◆ EXERCISE REQUIREMENTS ◆
Transcribe the listing below only from the line with "The necklace is" up to and including the line with "Weight: 29.7".

───── PROVIDED RECORDS

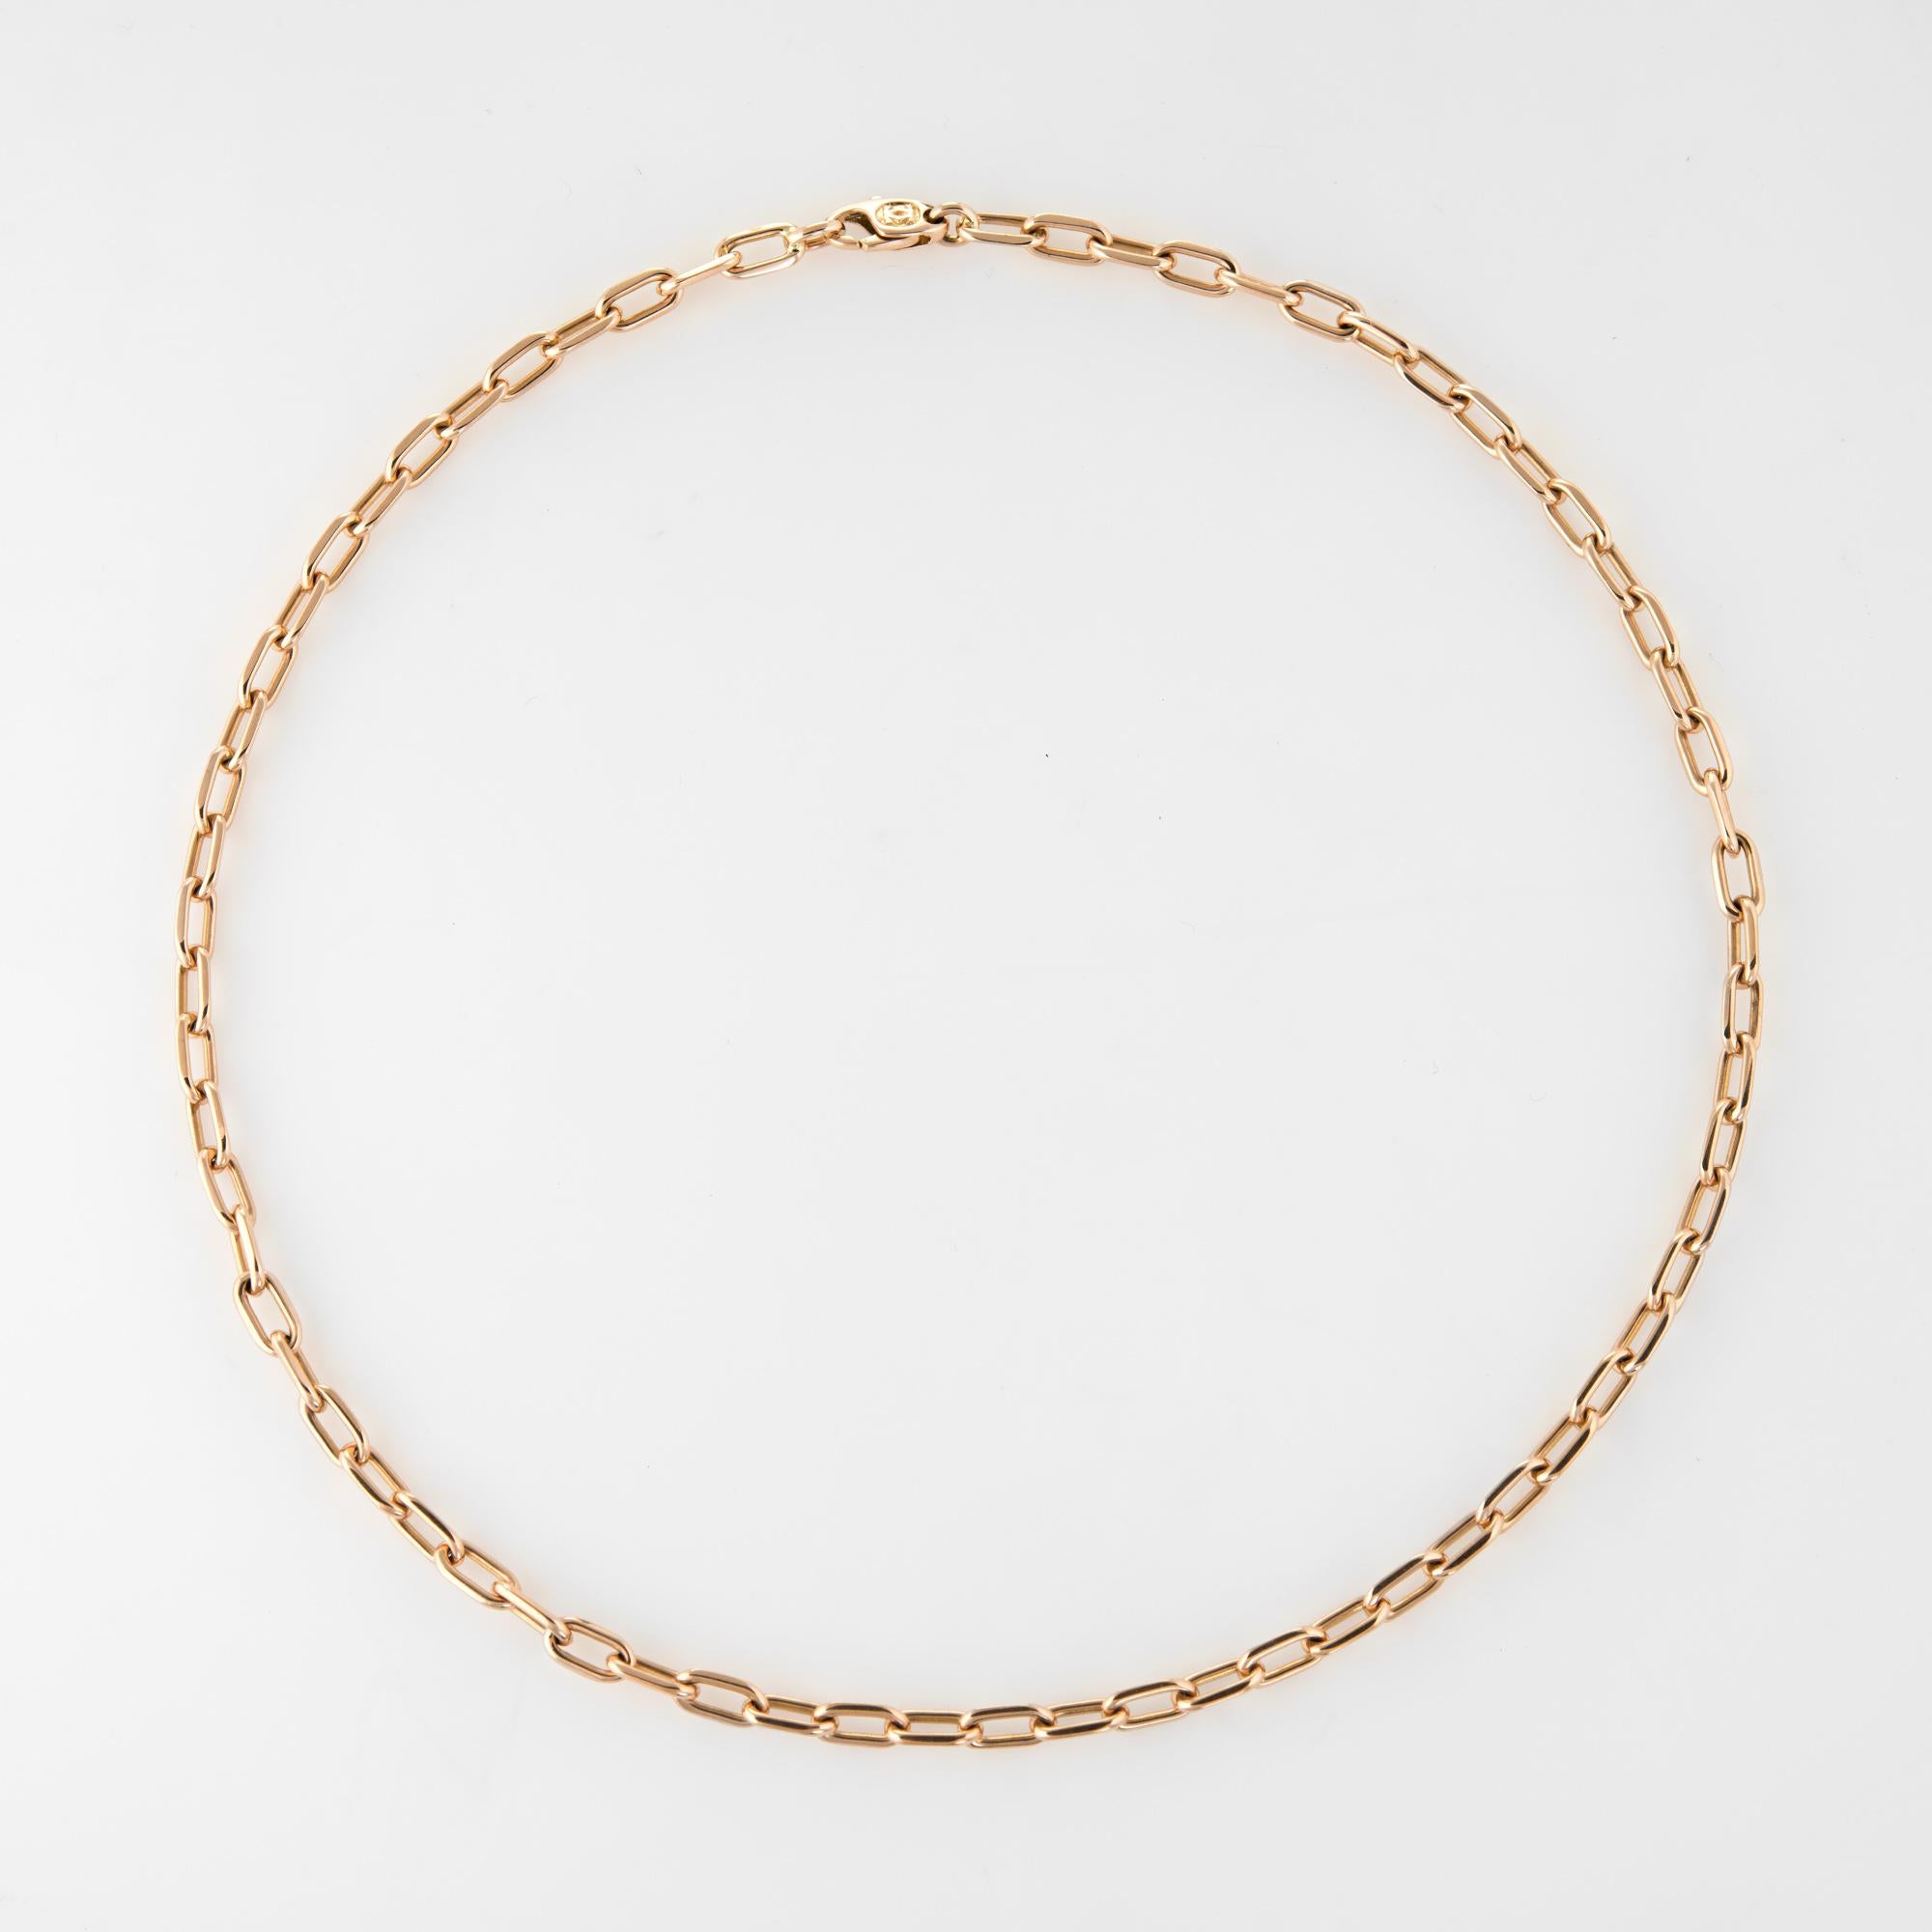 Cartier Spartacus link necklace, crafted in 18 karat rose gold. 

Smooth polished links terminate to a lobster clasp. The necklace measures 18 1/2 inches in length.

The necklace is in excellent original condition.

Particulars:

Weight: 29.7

──────────
───── PROVIDED RECORDS

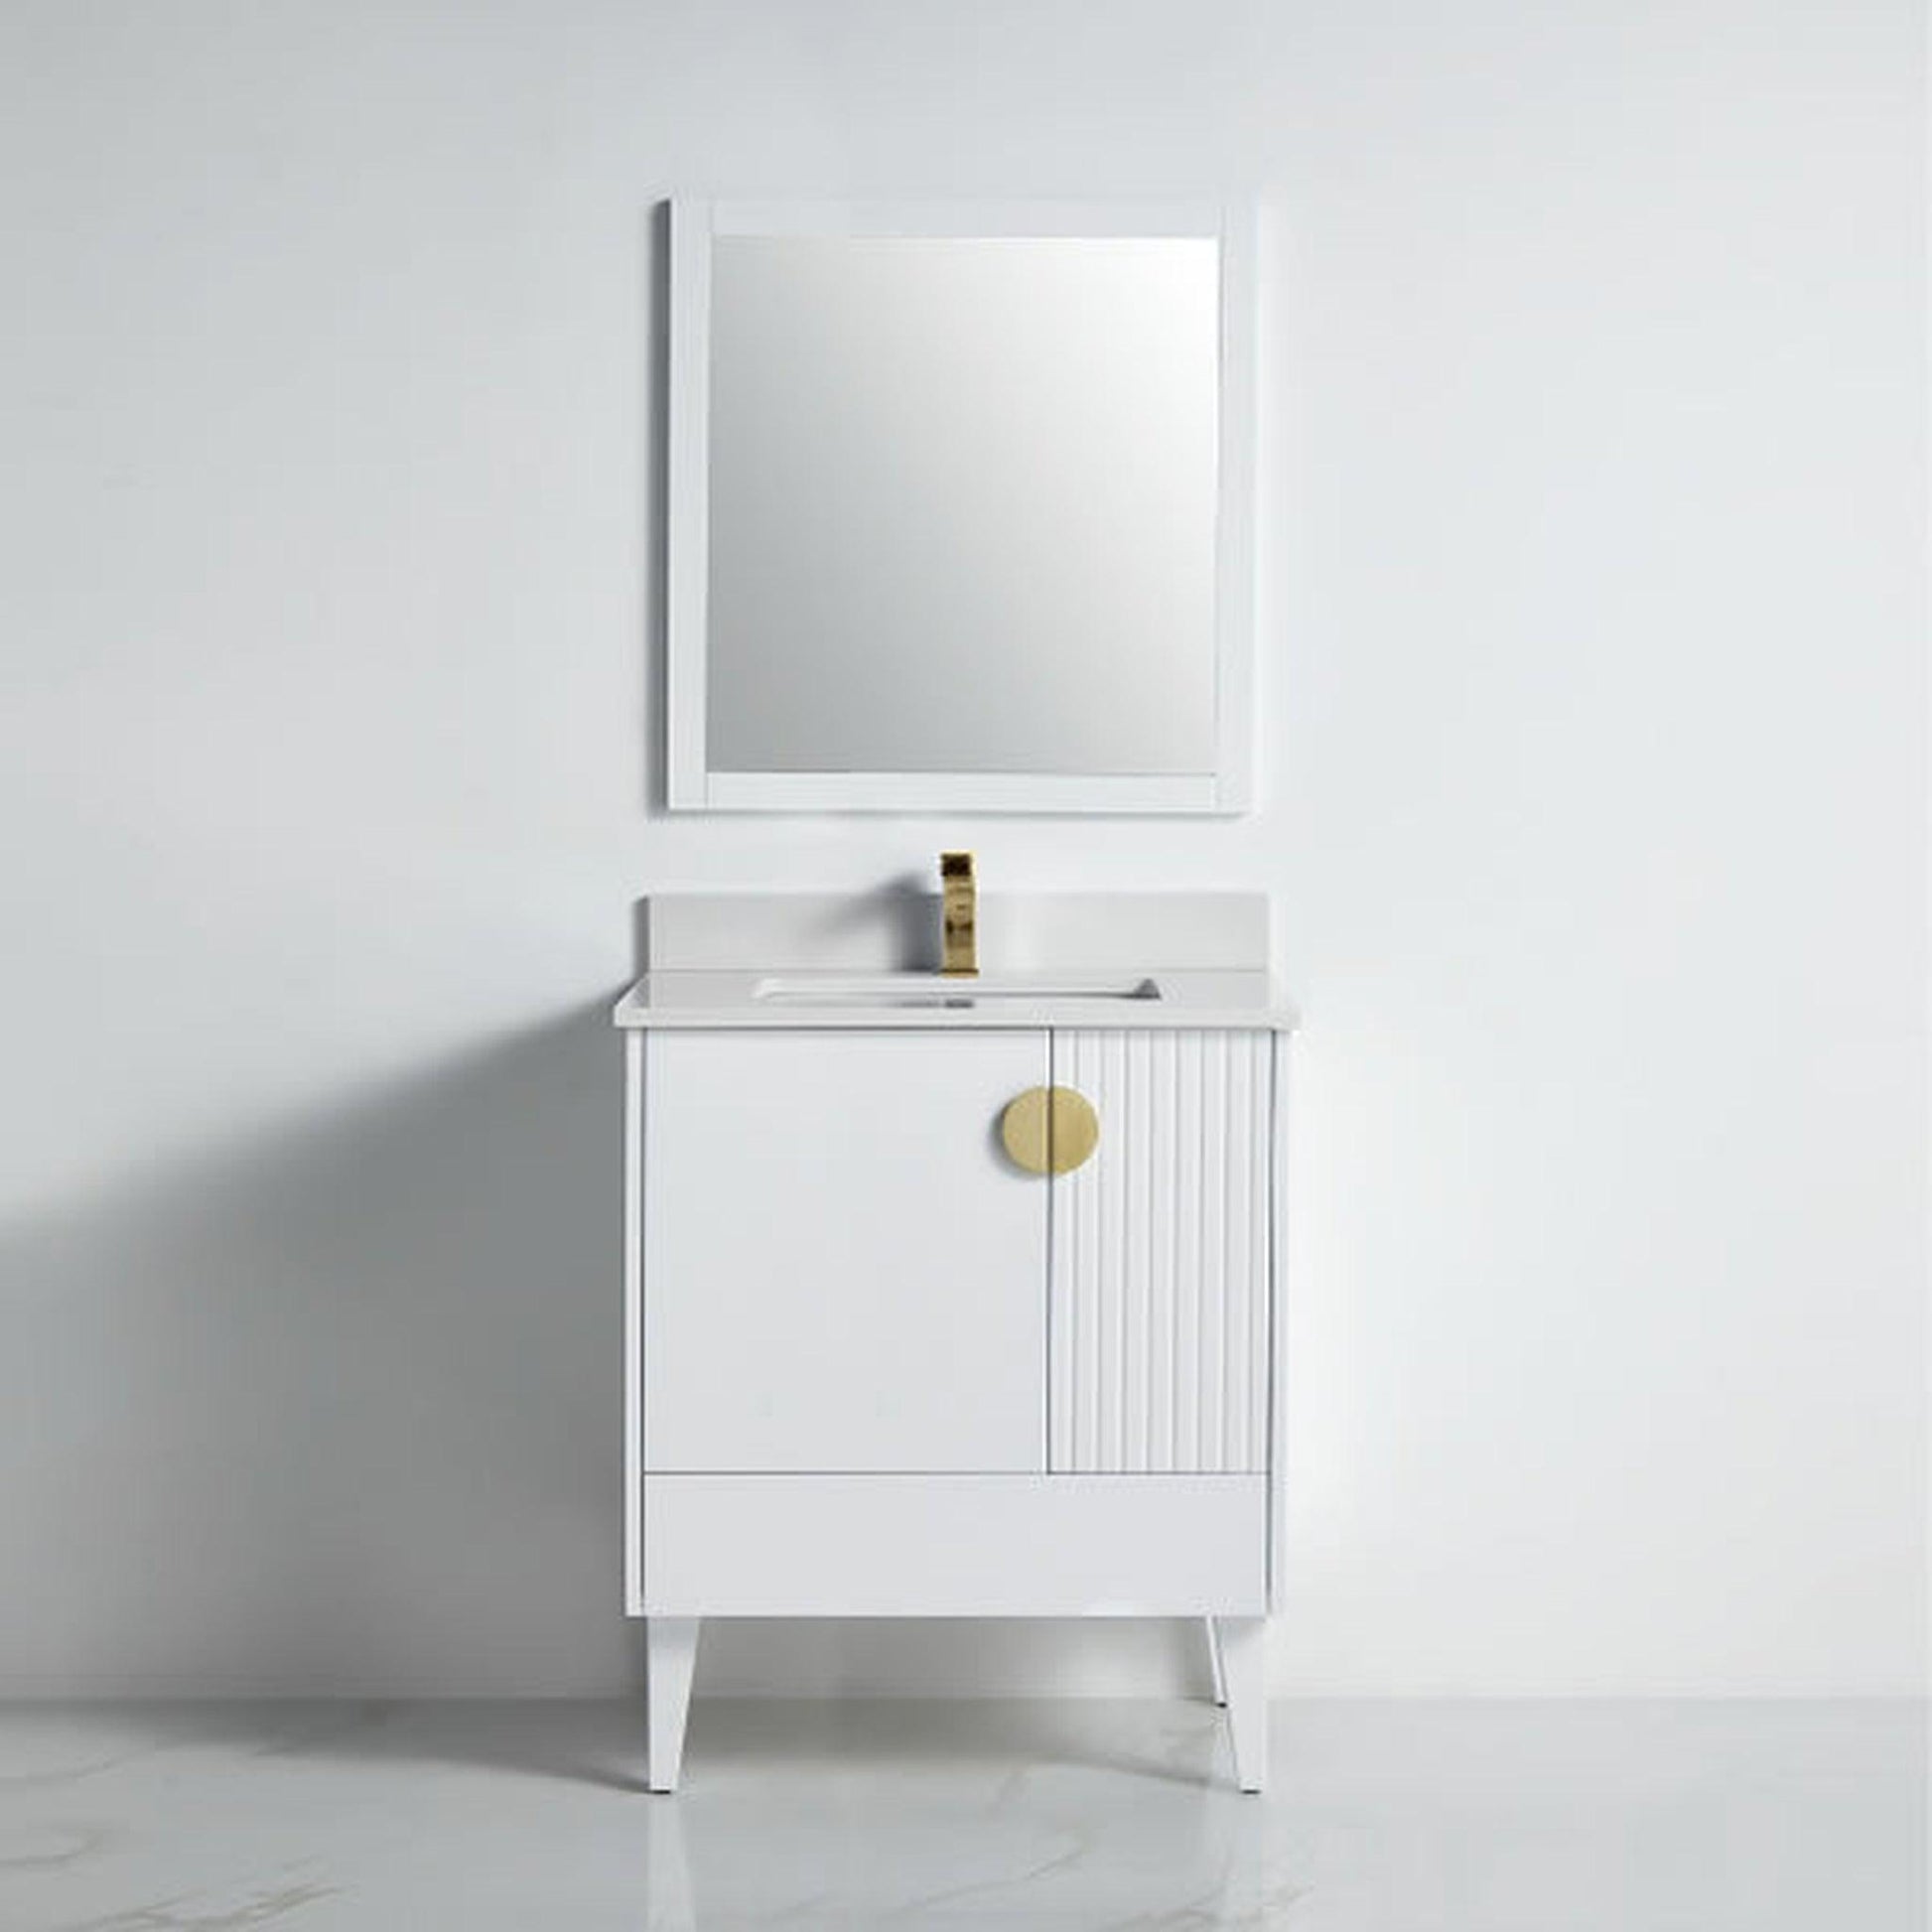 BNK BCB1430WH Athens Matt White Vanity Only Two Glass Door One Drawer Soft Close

──────────

◆ SOLUTION BELOW ◆
The necklace is in excellent original condition.

Particulars:

Weight: 29.7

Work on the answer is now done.